In light of Hartgraves v. Don Cartage Co., 63 Ill. 2d 425, 348 N.E.2d 457, and People v. Chitwood, we believe the People’s motion should be granted. Although Supreme Court Rule 329 was restrictively interpreted by a plethora of decisions to mean that an amendment of a record could not be based upon the memory of witnesses, the recollection of a judge or supporting affidavits without the production of some note or document contained in the record or minutes of the judge (see Ill. Ann. Stat., ch. 110A, par. 329, Historical and Practice Notes, at 105 (Smith-Hurd 1975)), Hartgraves and Chitwood limited this case law restriction to situations where the amendments contradict or impeach the clear contents of the record. Although Hartgraves and Chitwood made no *49specific mention of the numerous prior decisions which required some basis in the record for the amendment even where there was no contradiction or impeachment involved, we believe they, in effect, overruled those prior decisions. Because of Hartgraves and Chitwood we believe Rule 329 should now be read to mean that courts may allow amendments where there is no basis in the record provided the amendments do not impeach or contradict the contents of the record. Should the proposed amendment involve a contradiction it will have to “be supported by something other than the ‘clear memory’ of the trial judge” (Hartgraves v. Don Cartage Co., 63 Ill. 2d 425, 432, 348 N.E.2d 457, 461), i.e., by the existence of some documents, minutes, records or quasi-records.

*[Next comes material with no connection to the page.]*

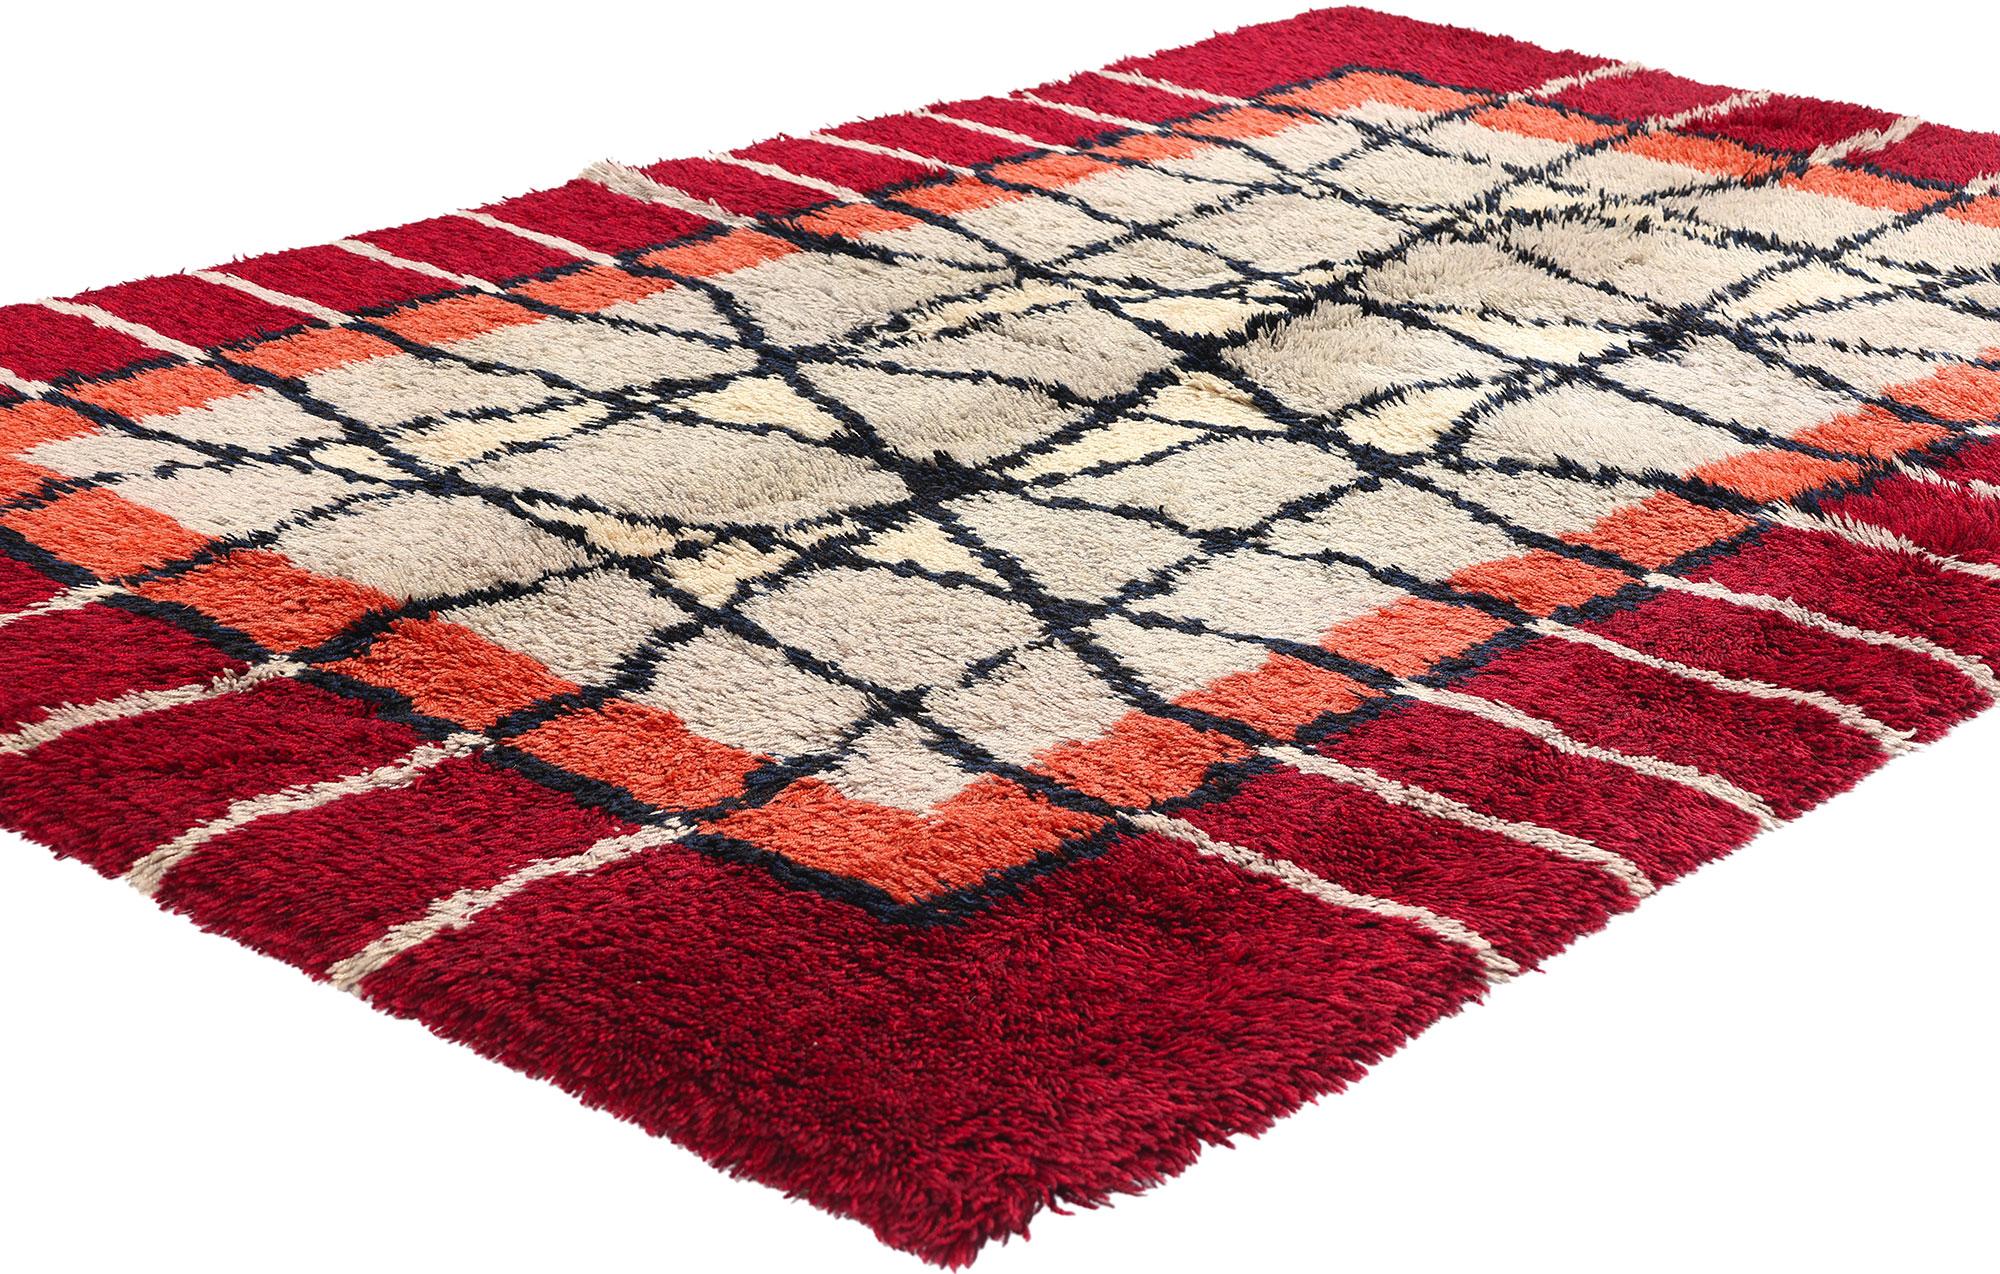 78278 Ulla Kronlof Vintage Swedish Rya Rug, 04'04 x 06'10. Scandinavian Swedish rya rugs designed by Ulla Kronlof are renowned for their long-pile texture and intricate designs. Kronlof’s work blends modern art and traditional Scandinavian patterns,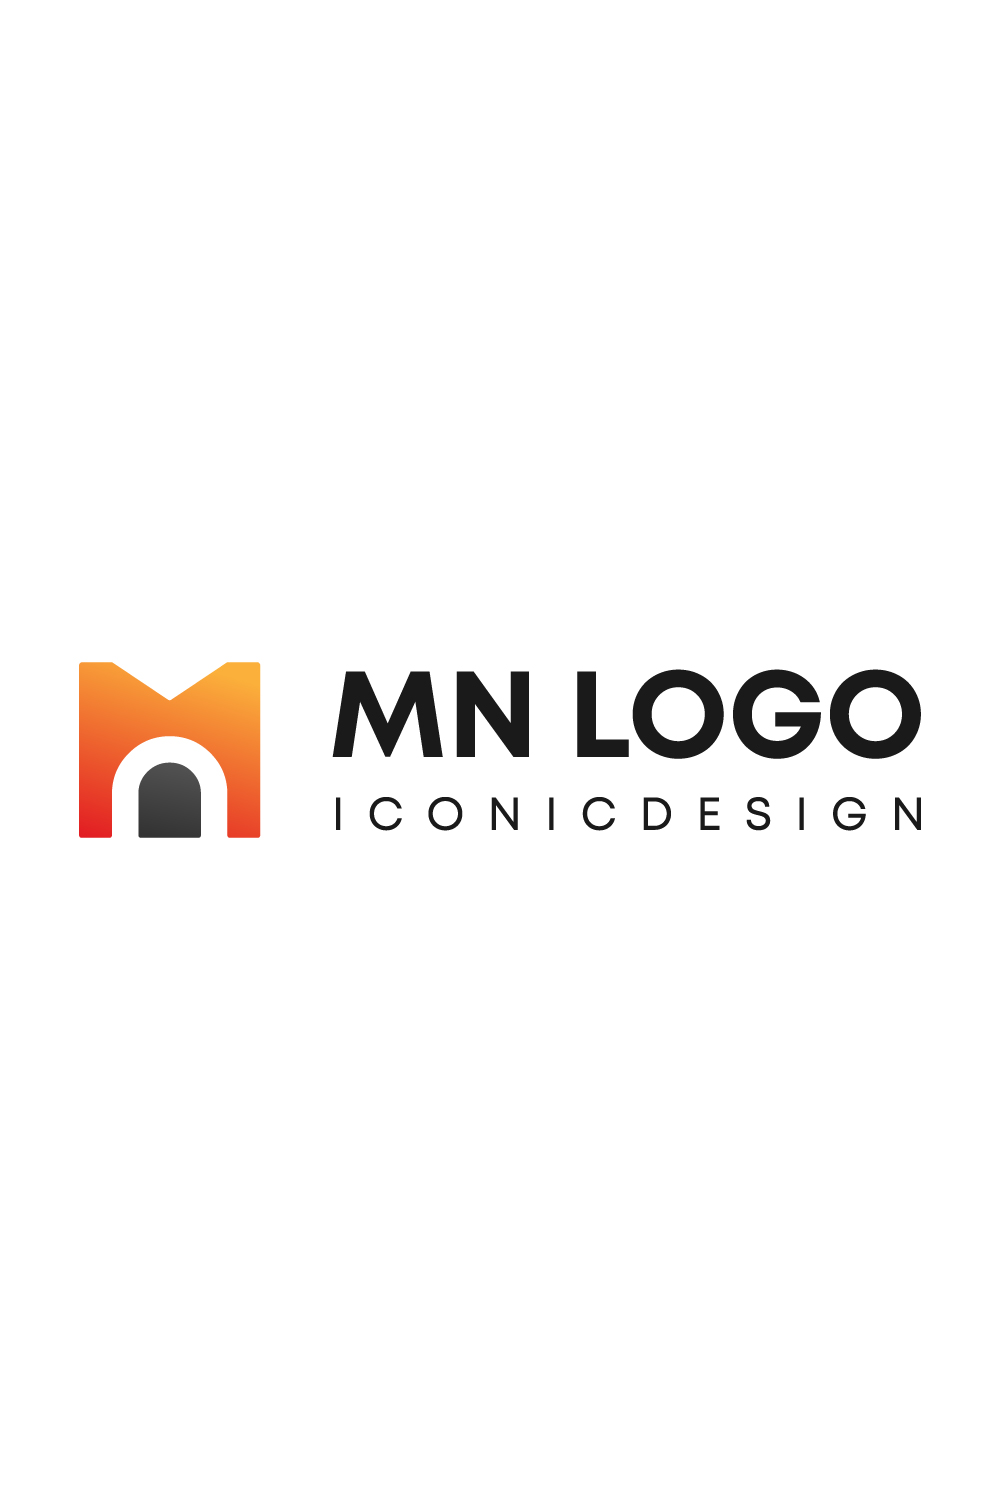 MN logo Design pinterest preview image.

In the present case the proposed amended page has been certified by both the court reporter and trial court judge. This is not an instance where the amendment contradicts matters of record; rather the amendment supplies an omission of the record to speak. Was defendant, or was he not, present during the testimony of Detective Walker. The original record did not say. It now does.

We think it significant that defendant did not supply an affidavit in which he denied his presence at the indicated time. The accuracy of the amendment is not challenged. Although Rule 329 contemplates a hearing when there is a “controversy as to whether the record accurately disclosed what occurred in the trial court,” since defendant does not dispute that the original record omitted to show defendant’s presence, nor deny that he was present, there is here no controversy requiring a hearing.

Our decision to allow the People’s motion to amend the record effectively disposes of the sole issue raised in this appeal. Accordingly, we affirm the judgment of the trial court.

Affirmed.

EBERSPACHER and G. J. MORAN, JJ., concur.